2020 marks the 50th anniversary of the ordination of women in the ELCA, the 40th anniversary of women of color, and the 10th anniversary of LGBTQ+ siblings.

It’s an incredibly important marker for the ELCA, though it is only the beginning for the Church, as women are still denied ordination across the denominations and hold less than 15% of the leadership positions in the worldwide church! Therefore, in 2020, we in the Oregon Synod will highlight one woman from Christian history every week. Some you may know, others you may not, but all worthy of our respect and gratitude.

#6 Phyllis Wheatley

Phyllis Wheatley’s story is one among many revealing the gruesome nature of human slavery in our history. Captured and taken violently from her home in West Africa at age seven, Phyllis was transported in the bowels of a slave ship across the Atlantic and sold into slavery in Boston. Educated by the family that bought her -the Wheatley’s -by the age of 18 she became a poet renowned at home and abroad. So well known and loved was she that she corresponded with, and eventually met, leaders like President George Washington. Her achievements became an inspiration to, and catalyst for, the fledgling antislavery movement. Wheatley intentionally used her art to condemn the practice of slavery and remind her Christian audience of the universal and liberating nature of God’s love.
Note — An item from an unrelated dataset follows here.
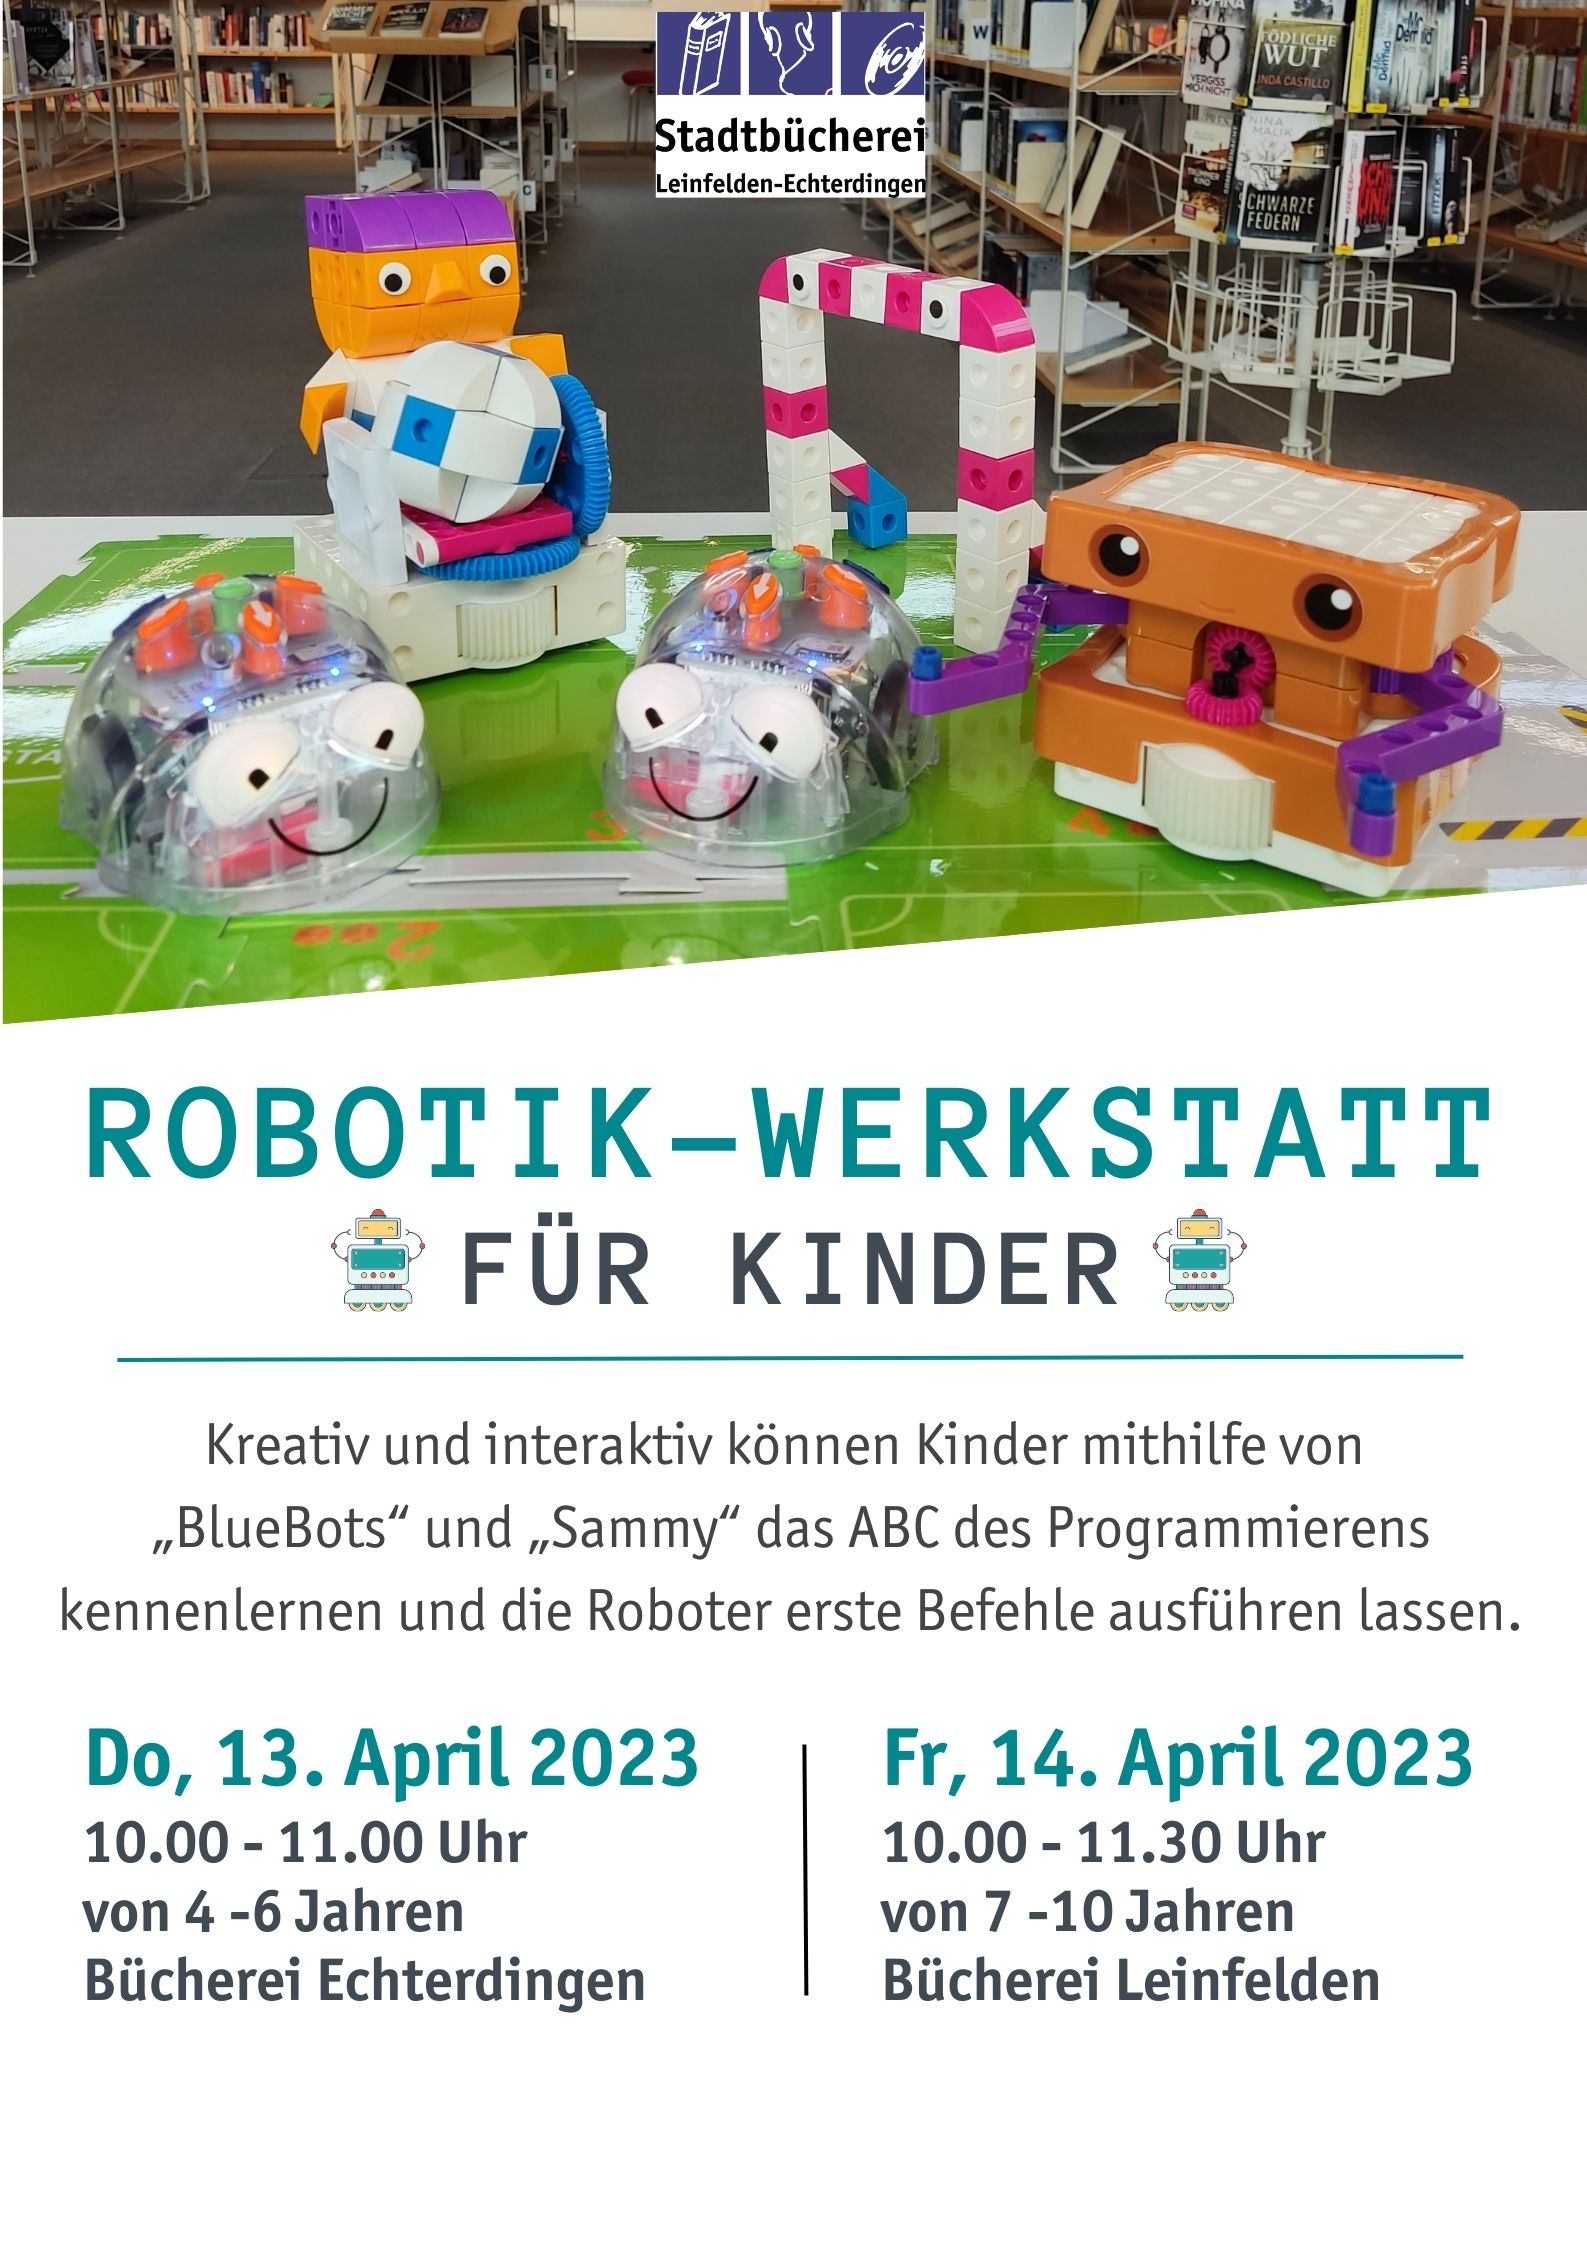 Robotik-Werkstatt für Kinder von 7 bis 10 Jahren

For instance, “On Being Brought from Africa to America,” the best-known Wheatley poem, chides the audience to remember that Africans must be included in the Christ’s promises: “Remember, Christians, Negroes, black as Cain, /May be refin’d and join th’ angelic train.” She strategically linked her nation’s struggle for freedom to the need for freedom amongst it’s slaves: “for in every human Breast, God has implanted a Principle, which we call Love of freedom; it is impatient of Oppression, and pants for Deliverance; and by the Leave of our modern Egyptians I will assert that the same Principle lives in us.”